What is needed here is an exact printout of the data, with no pictures included.

── DATASET EXTRACT

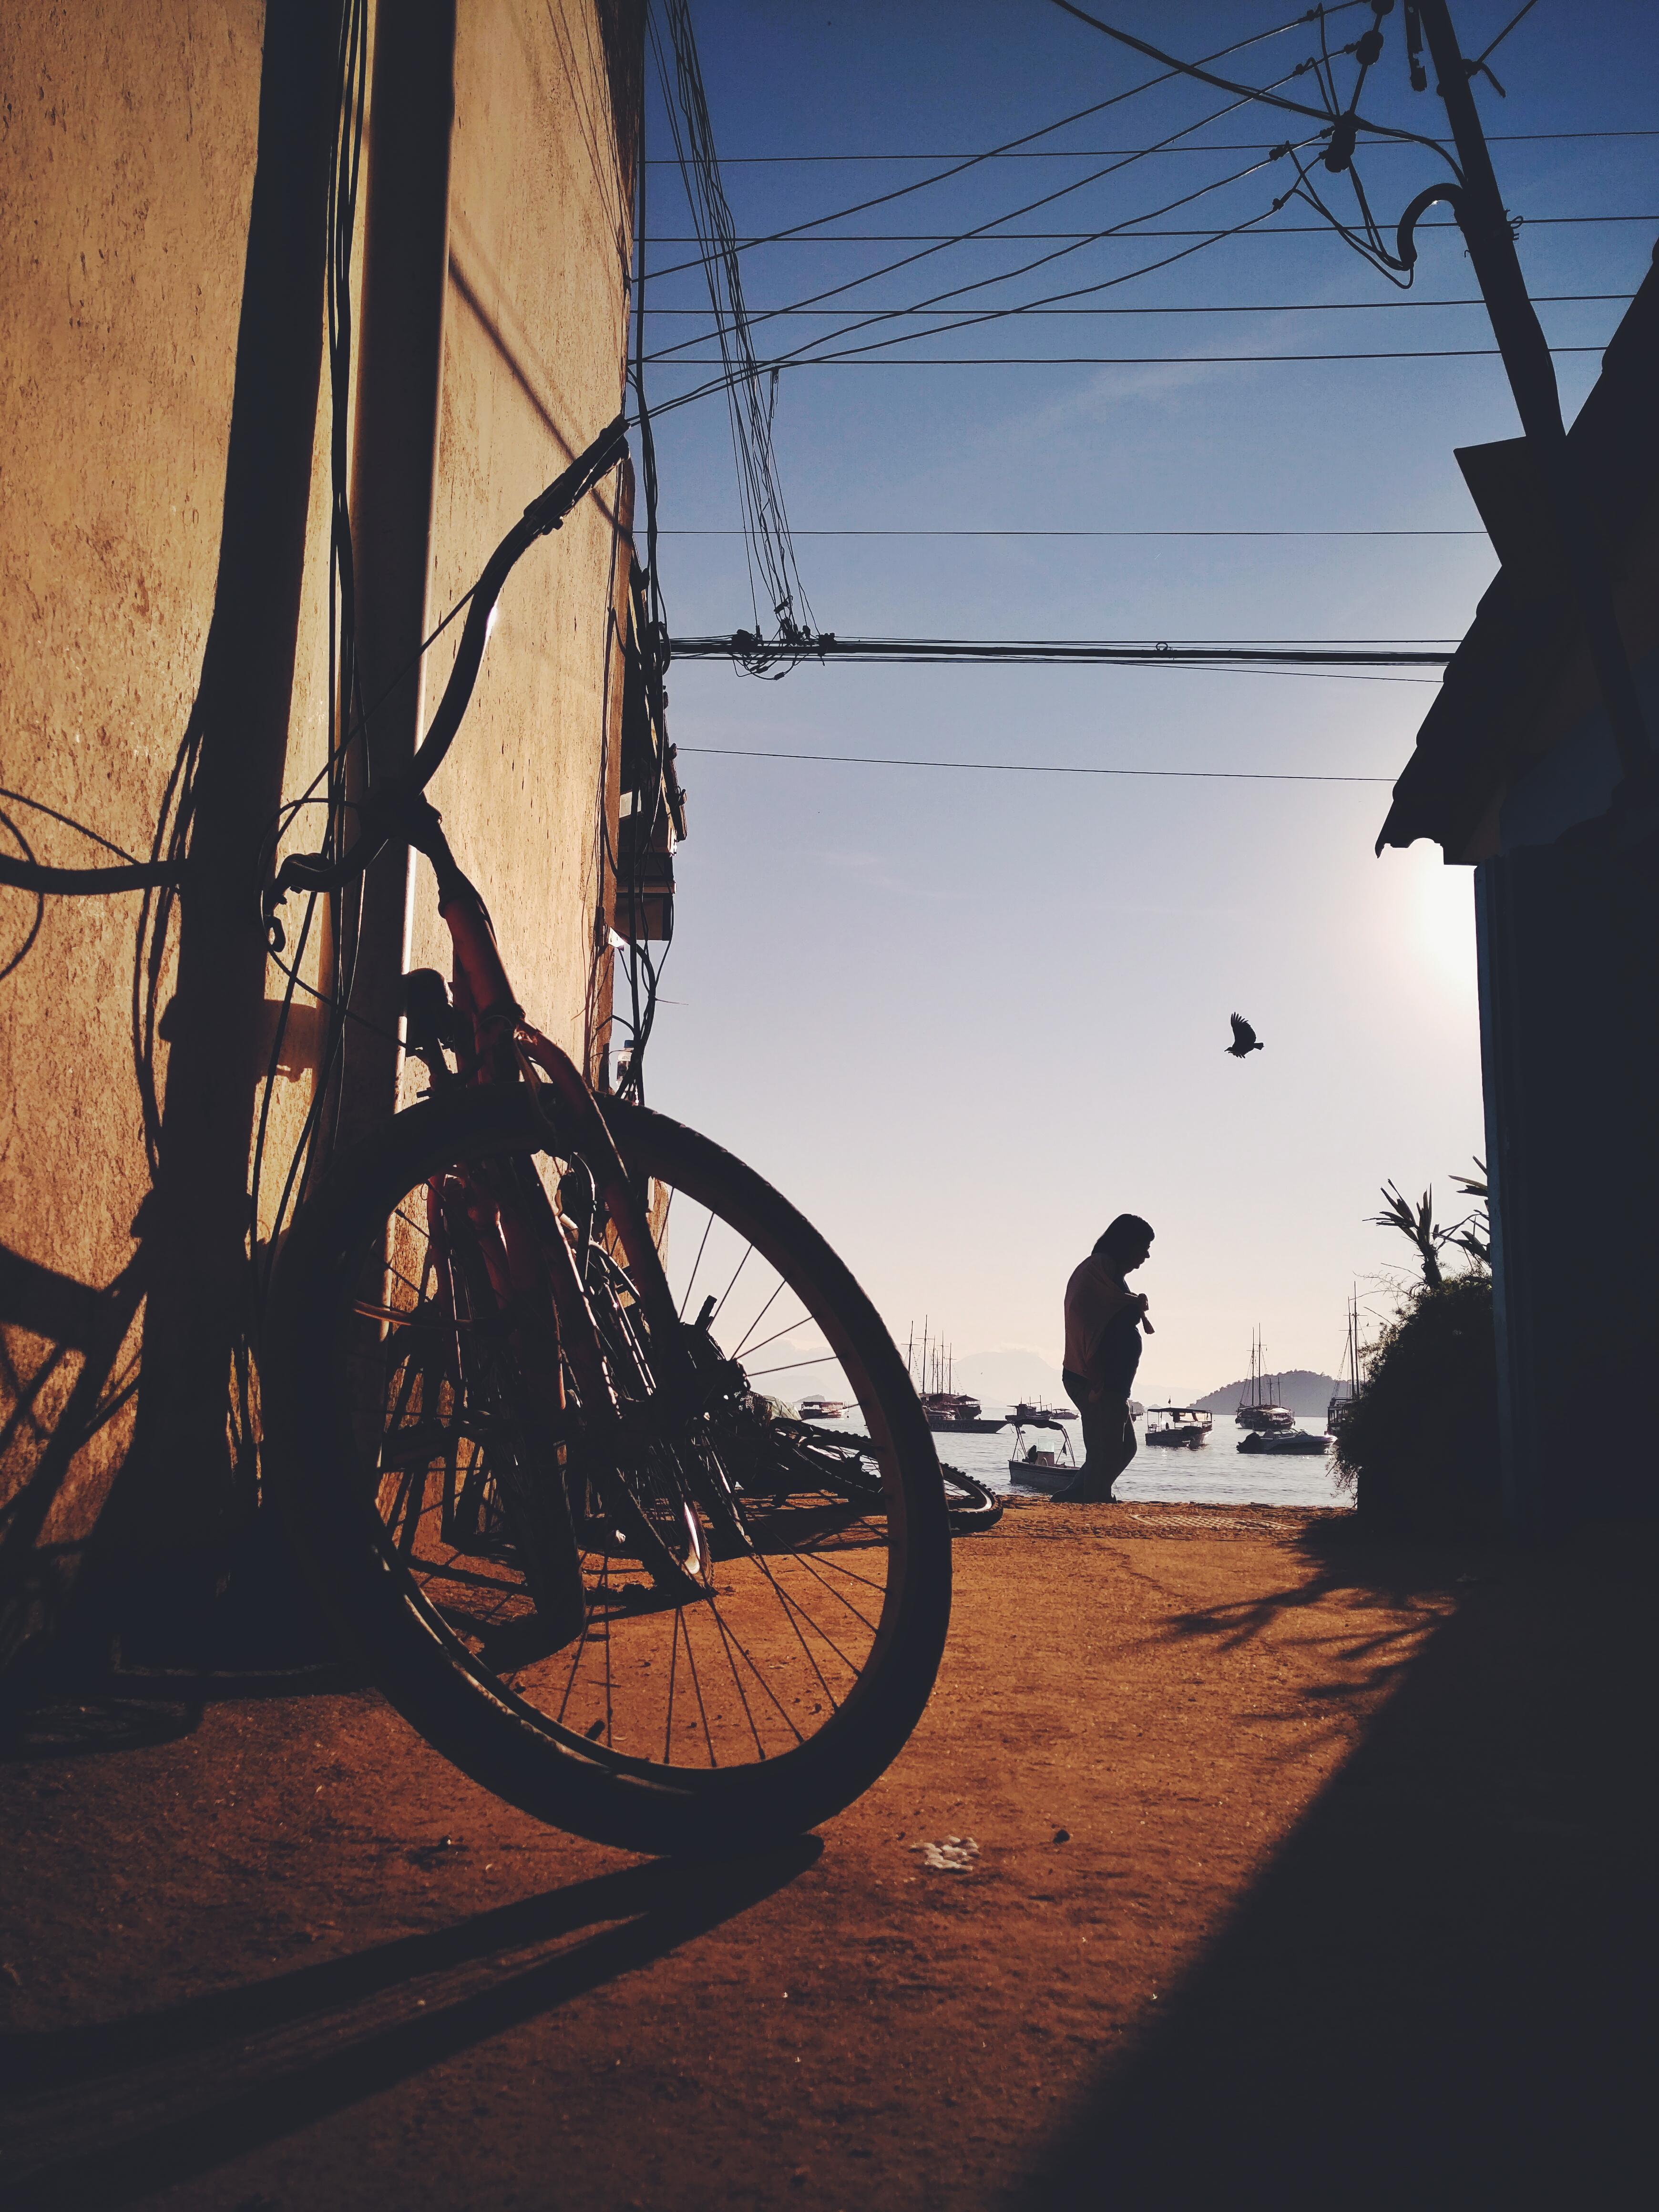 Bike - OnePlus3 - ilha grande.jpg
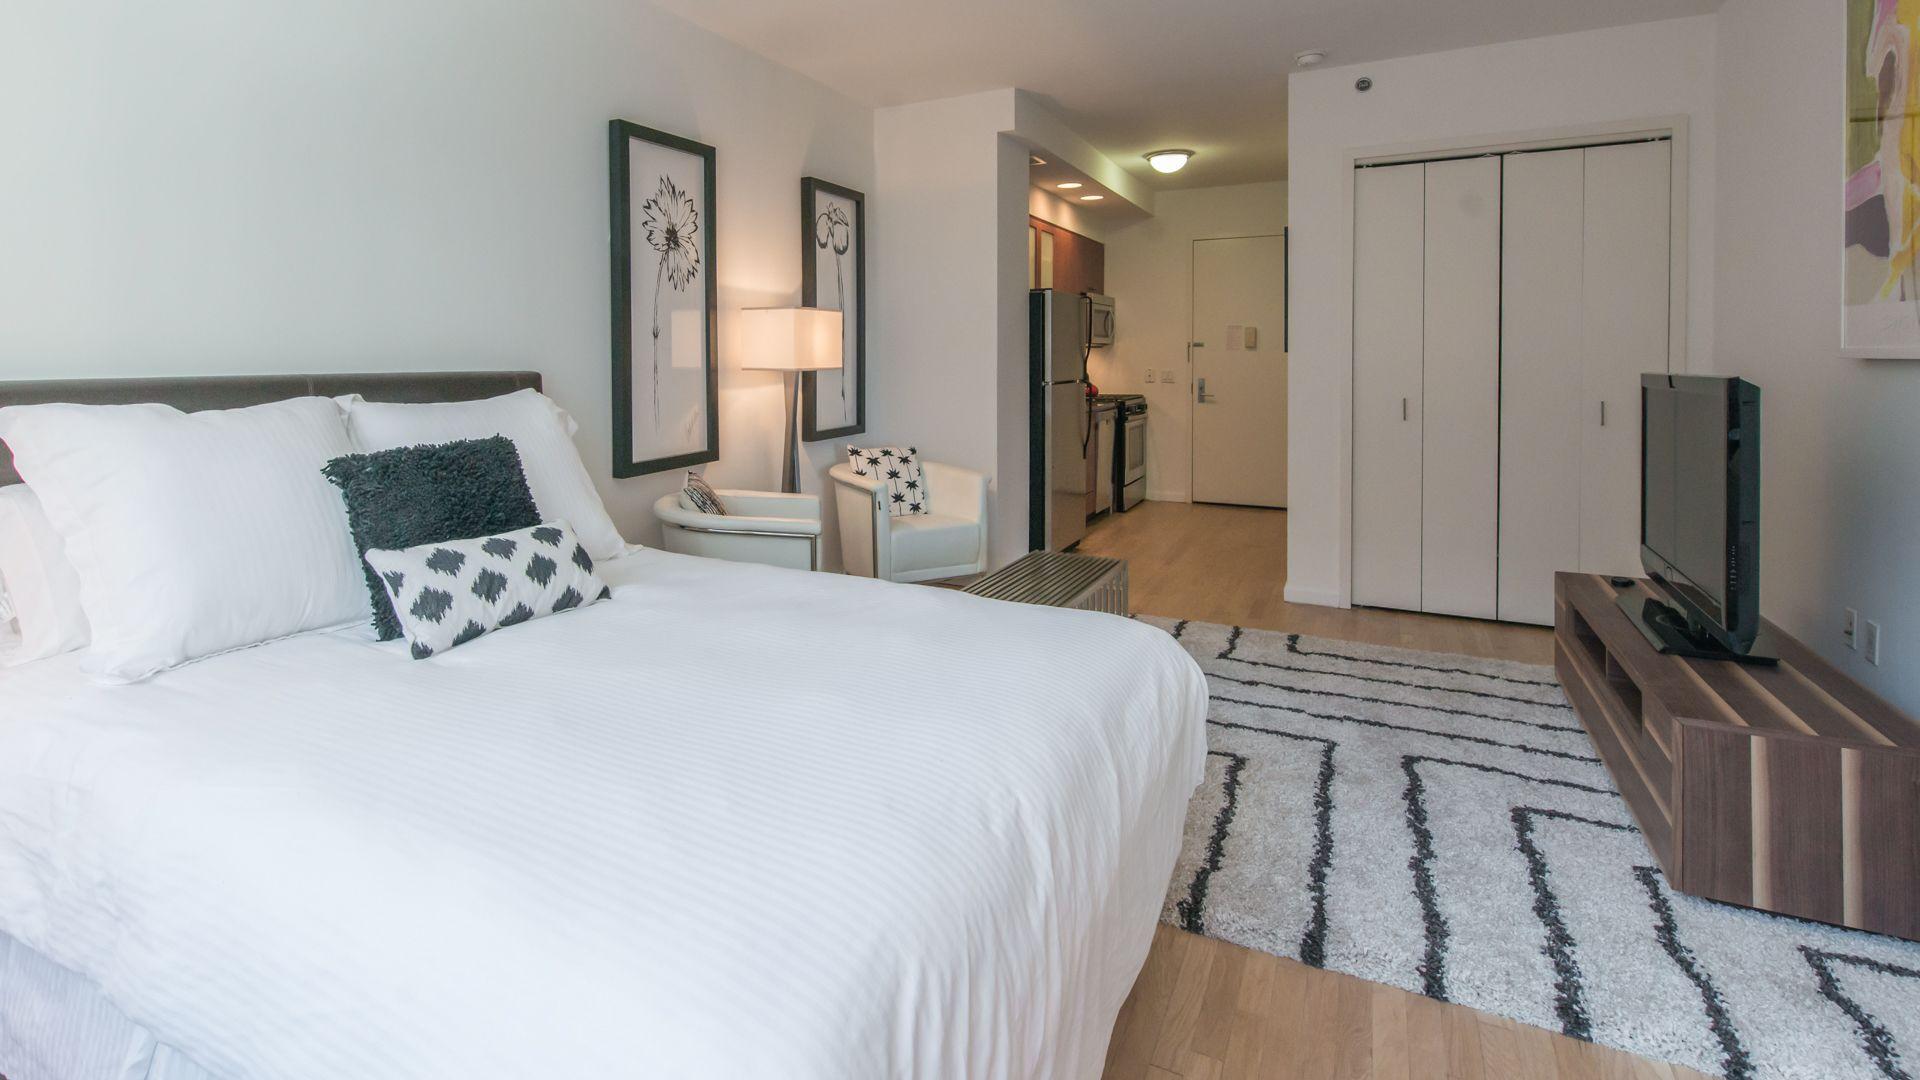 1 Bedroom Apartments 600 Honduraeraria Info
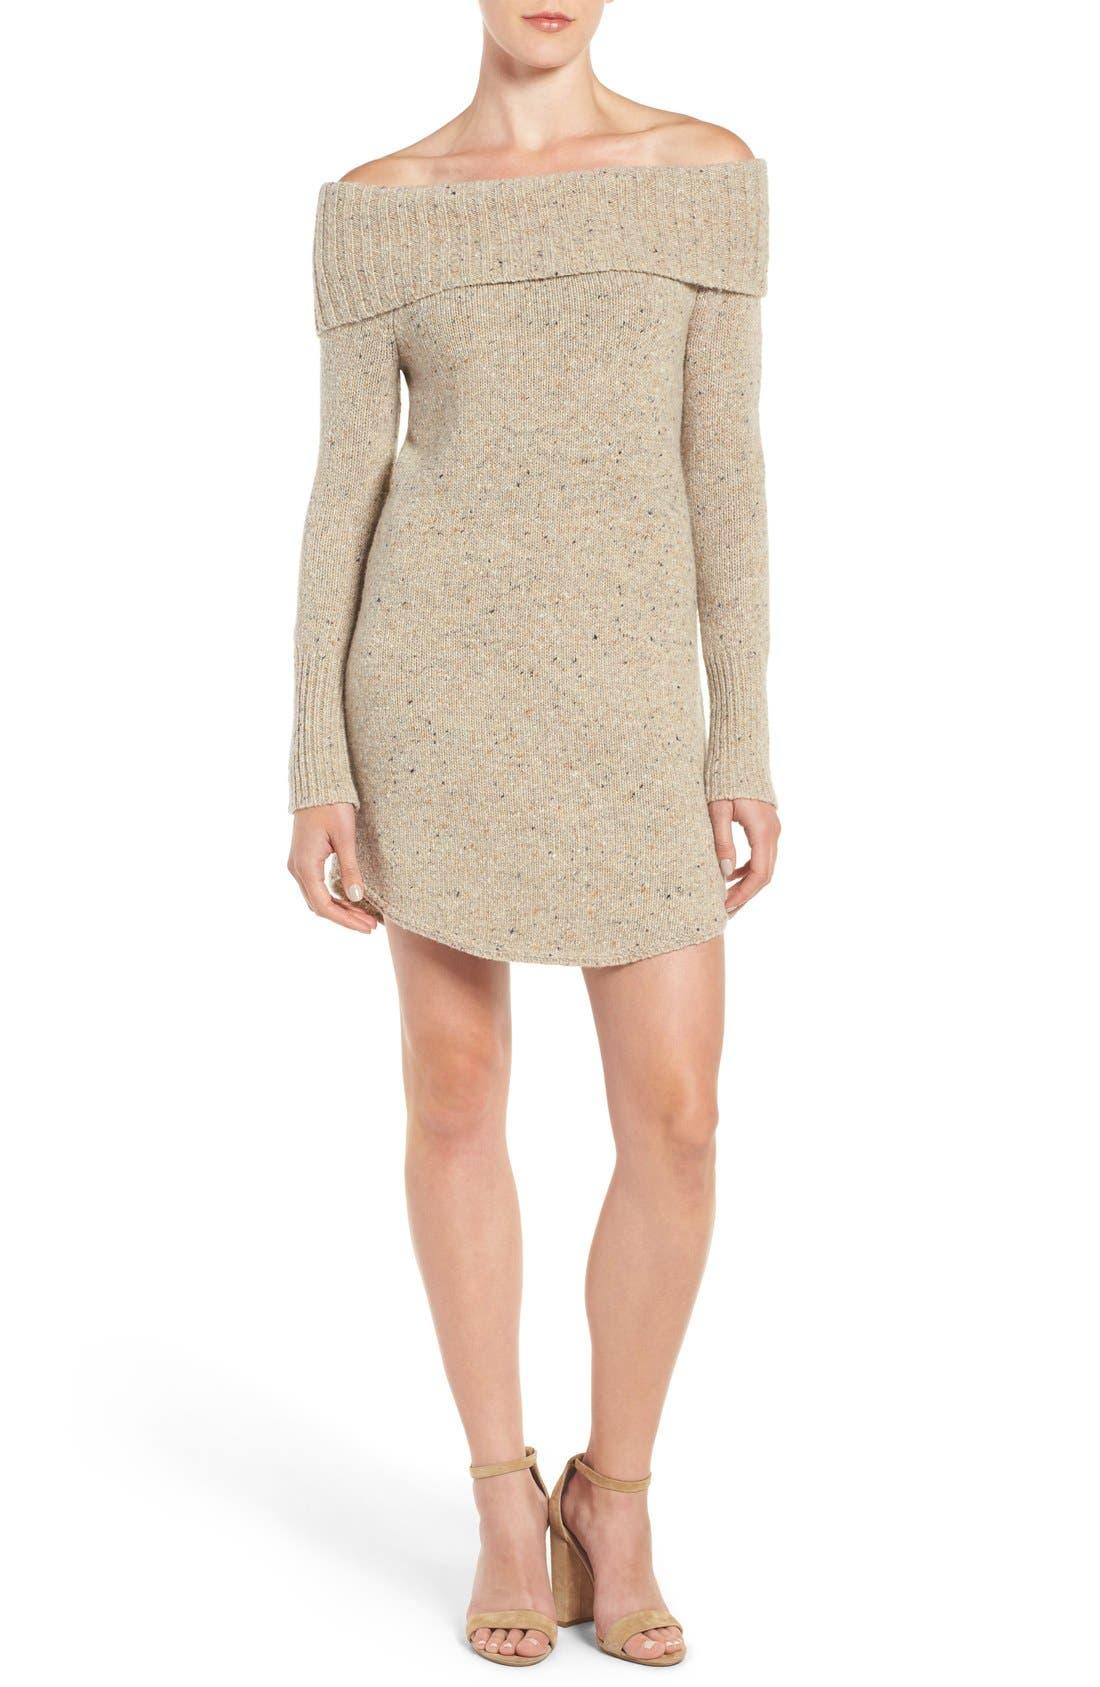 Alternate Image 1 Selected - Rebecca Minkoff Erid Off the Shoulder Sweater Dress

────

*THE ANSWER*:
 Bike - OnePlus3 - ilha grande.jpg
 1 Bedroom Apartments 600 Honduraeraria Info
 Alternate Image 1 Selected - Rebecca Minkoff Erid Off the Shoulder Sweater Dress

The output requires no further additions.